- Born: 30 September 1967 (age 58) Tallinn, Estonia
- Citizenship: Estonian
- Education: Estonian Academy of Music and Theatre Conservatoire de Paris
- Occupations: Conductor, music educator
- Known for: Founder and artistic director of Vox Clamantis
- Spouse: Helena Tulve
- Awards: Order of the White Star, 5th Class Order of Leopold Ordre des Arts et des Lettres

= Jaan-Eik Tulve =

Estonian conductor and Gregorian chant specialist (born 1967)

Jaan-Eik Tulve (born 30 September 1967) is an Estonian conductor, Gregorian chant specialist and music educator. He is the founder and artistic director of the vocal ensemble Vox Clamantis, and has taught Gregorian chant at the Estonian Academy of Music and Theatre since 1996. His work has centred on Gregorian chant, early polyphony and contemporary choral music, and he is especially associated with performances and recordings of music by Arvo Pärt and other Estonian composers.

Tulve has received the Order of the White Star, 5th Class, the Ordre des Arts et des Lettres, and the Cultural Award of the Republic of Estonia.

==Early life and education==
Jaan-Eik Tulve was born in Tallinn on 30 September 1967. He graduated in choral conducting from the Estonian Academy of Music in 1991 and then continued his studies at the Conservatoire de Paris, receiving a diploma in Gregorian chant conducting in 1993. After his studies in Paris he worked as an assistant to Louis-Marie Vigne, whom the Estonian Music Information Centre describes as a major influence on his musical development. Tulve has also identified his work with Dom Daniel Saulnier of Solesmes Abbey as formative in his approach to Gregorian chant.

==Career==
In 1992 Tulve became conductor of the Paris Gregorian Choir. In the following years he founded the ensemble Lac et Mel in Paris (1993), a female section of the Paris Gregorian Choir (1994), and in Tallinn the ensemble Vox Clamantis (1996). Since 1996 he has taught Gregorian chant at the Estonian Academy of Music and Theatre. He has also led courses and workshops in Gregorian chant in a number of countries and has worked with monastic choirs and communities.

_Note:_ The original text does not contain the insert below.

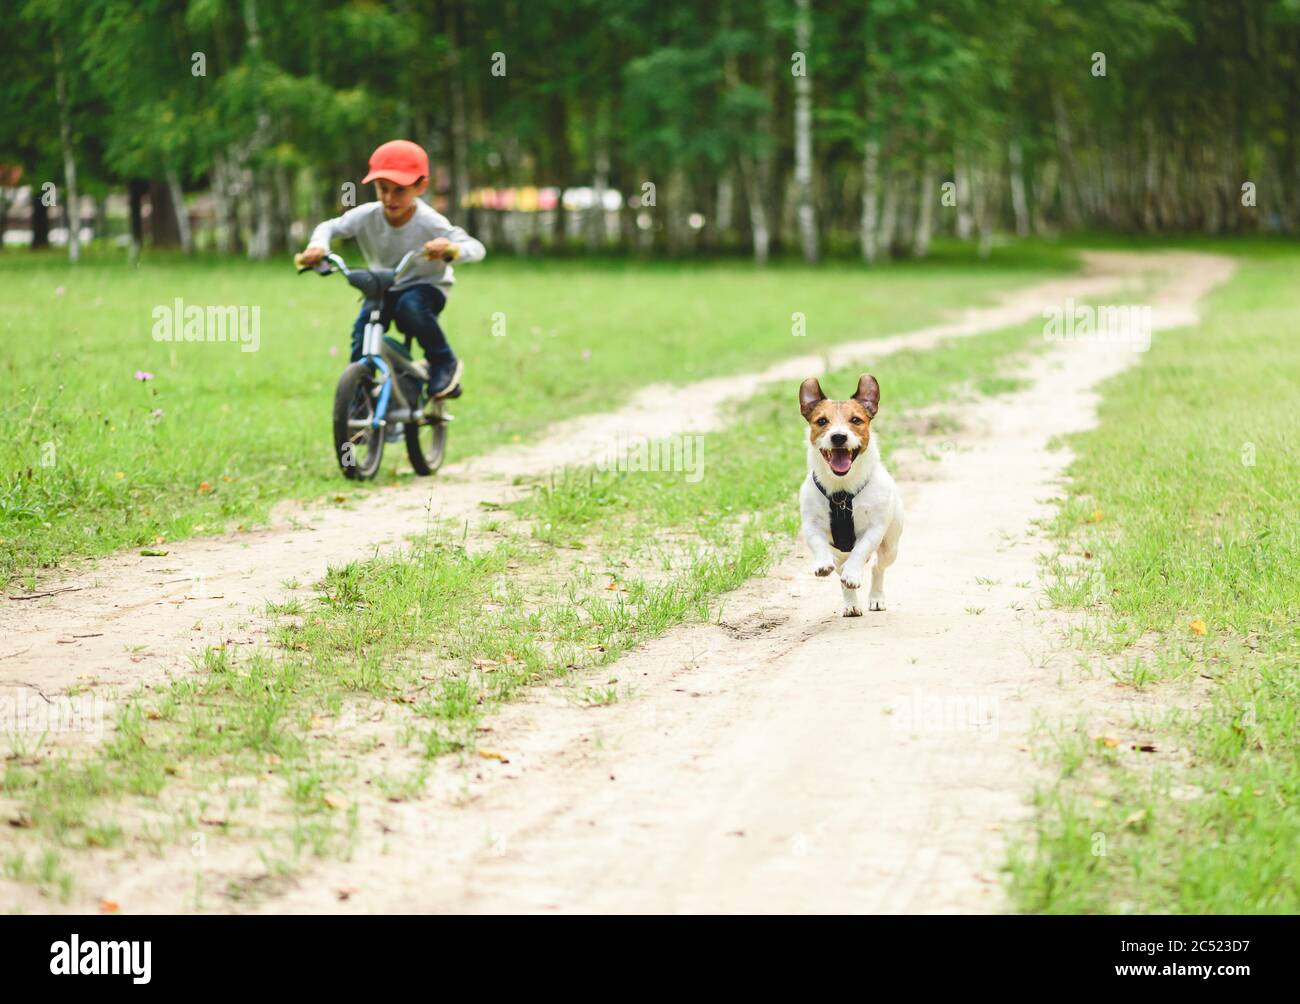 Dog and kid boy on bike racing on dirt country road on sunny summer day Stock Photo
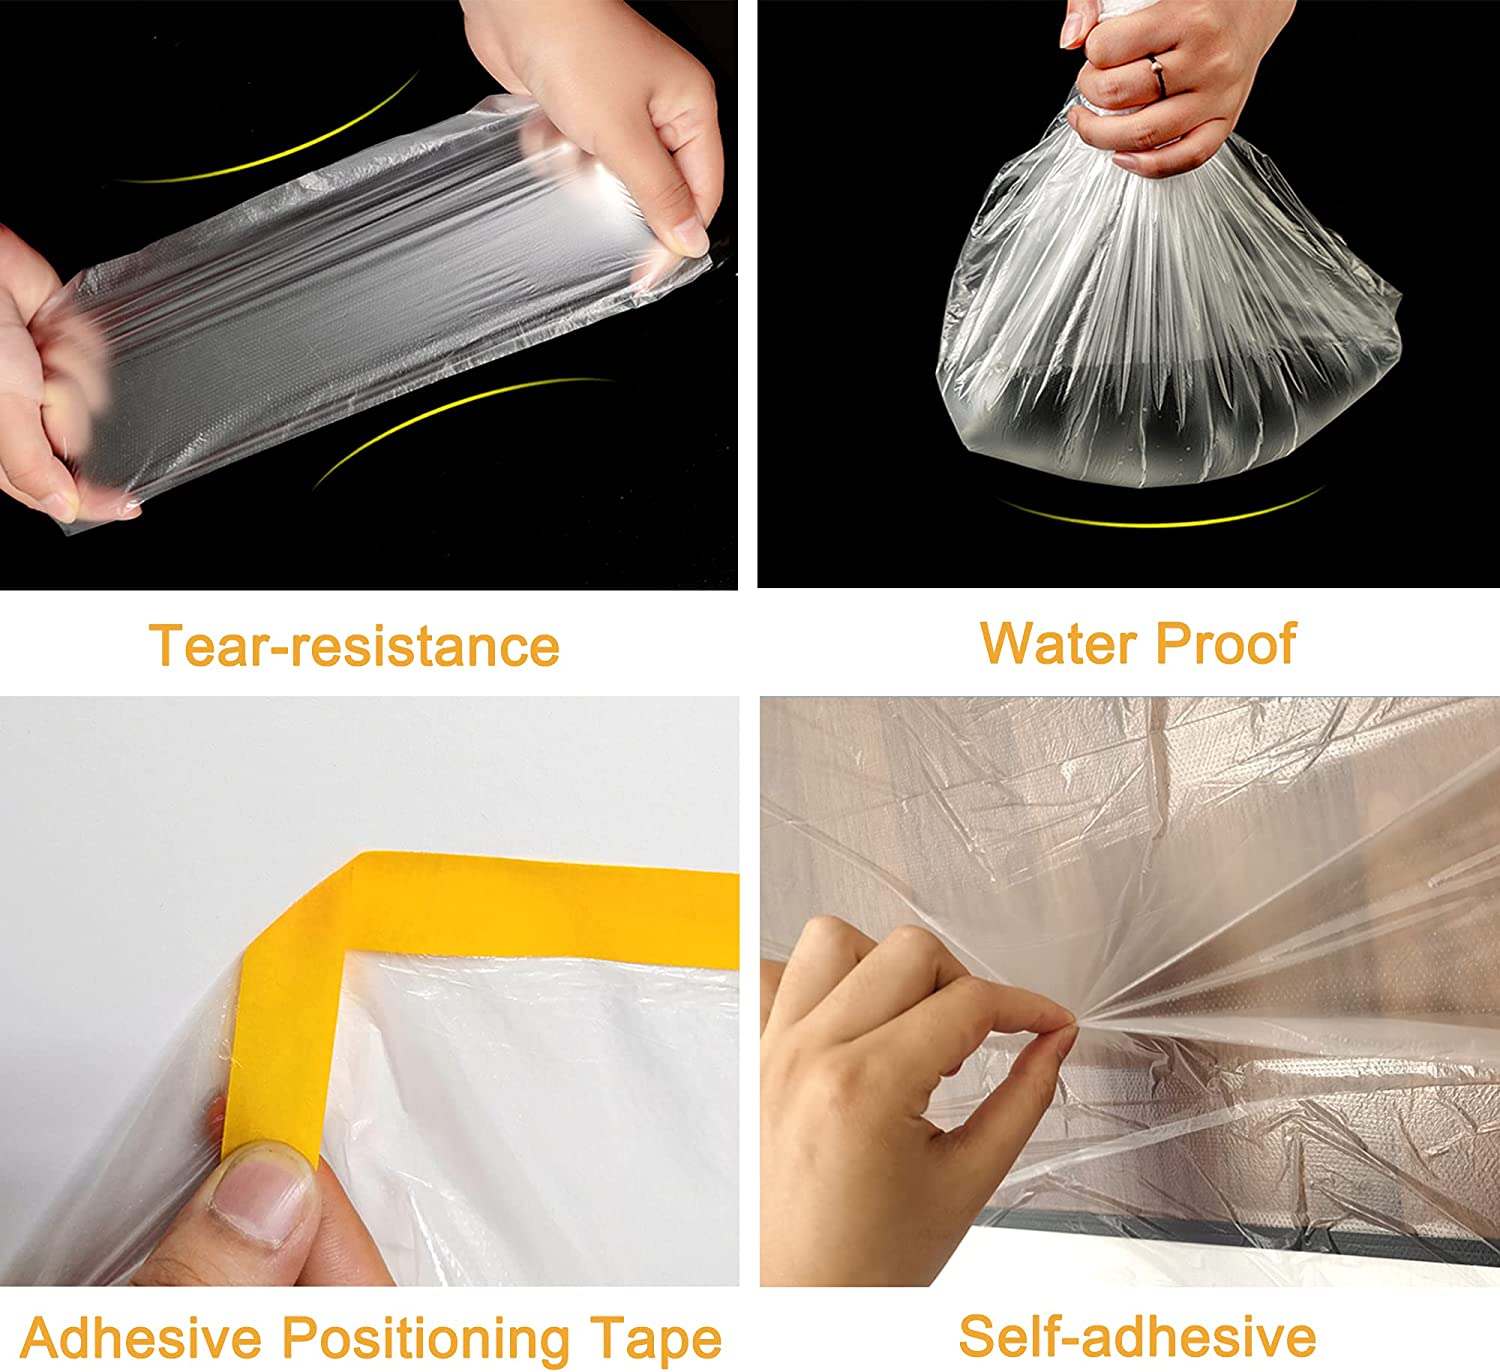 (🔥HOT SALE- SAVE 48% OFF) 5.9ft x 65ft Waterproof Dust-Proof Covering Masking Film (BUY 2 GET 1 FREE)

Beyond his work with Vox Clamantis, Tulve has conducted the Estonian Philharmonic Chamber Choir, the Estonian National Male Choir, the Tallinn Chamber Orchestra, the Helsinki Chamber Choir and Hortus Musicus. Under his direction, Vox Clamantis developed from an ensemble initially focused on Gregorian chant into one known for combining chant, early polyphony and contemporary music.

Tulve's ensemble has had a particularly close association with the music of Arvo Pärt. According to the Arvo Pärt Centre, this collaboration began in 1999, when Vox Clamantis combined Gregorian chant with Pärt's organ work Annum per annum in concert performance; Pärt later wrote Alleluia-Tropus specifically for the ensemble. Vox Clamantis also participated in the Grammy-winning recording of Pärt's Adam's Lament, issued under the direction of Tõnu Kaljuste.

Tulve's recordings with Vox Clamantis have received strong critical attention. Reviewing the ensemble's ECM album Arvo Pärt: The Deer’s Cry, BBC Music Magazine awarded the recording five stars and singled out Tulve's ability to bring vibrancy and shape to Pärt's austere textures. Writing in The Guardian about the 2020 album Cyrillus Kreek: The Suspended Harp of Babel, Fiona Maddocks praised the atmospheric quality of the performances and the way Tulve and the ensemble gave full expression to Kreek's sacred music.

==Honours and recognition==
In 2007 Tulve was awarded the Order of the White Star, 5th Class, by the president of Estonia. In 2012 he received France's Ordre des Arts et des Lettres for his contribution to Estonian-French cultural relations. He has also been decorated with Belgium's Order of Leopold.

In 2013 Tulve received one of Estonia's annual state cultural awards for his creative work in 2012 and for the album Filia Sion. Estonian Public Broadcasting named him its Musician of the Year 2017, with the award announcement made in January 2018.

==Selected recordings==
Selected recordings conducted by Tulve include the following:
- Job (with Choeur Grégorien de Paris, 1995)
- Ieremias (with Vox Clamantis, 2003)
- Filia Sion (with Vox Clamantis, 2012)
- Arvo Pärt: The Deer’s Cry (with Vox Clamantis, 2016)
- Sacrum convivium (with Vox Clamantis, 2018)
- Cyrillus Kreek: The Suspended Harp of Babel (with Vox Clamantis, 2020)
- Music by Henrik Ødegaard (with Vox Clamantis, 2023)

==Personal life==
Tulve is married to the Estonian composer Helena Tulve.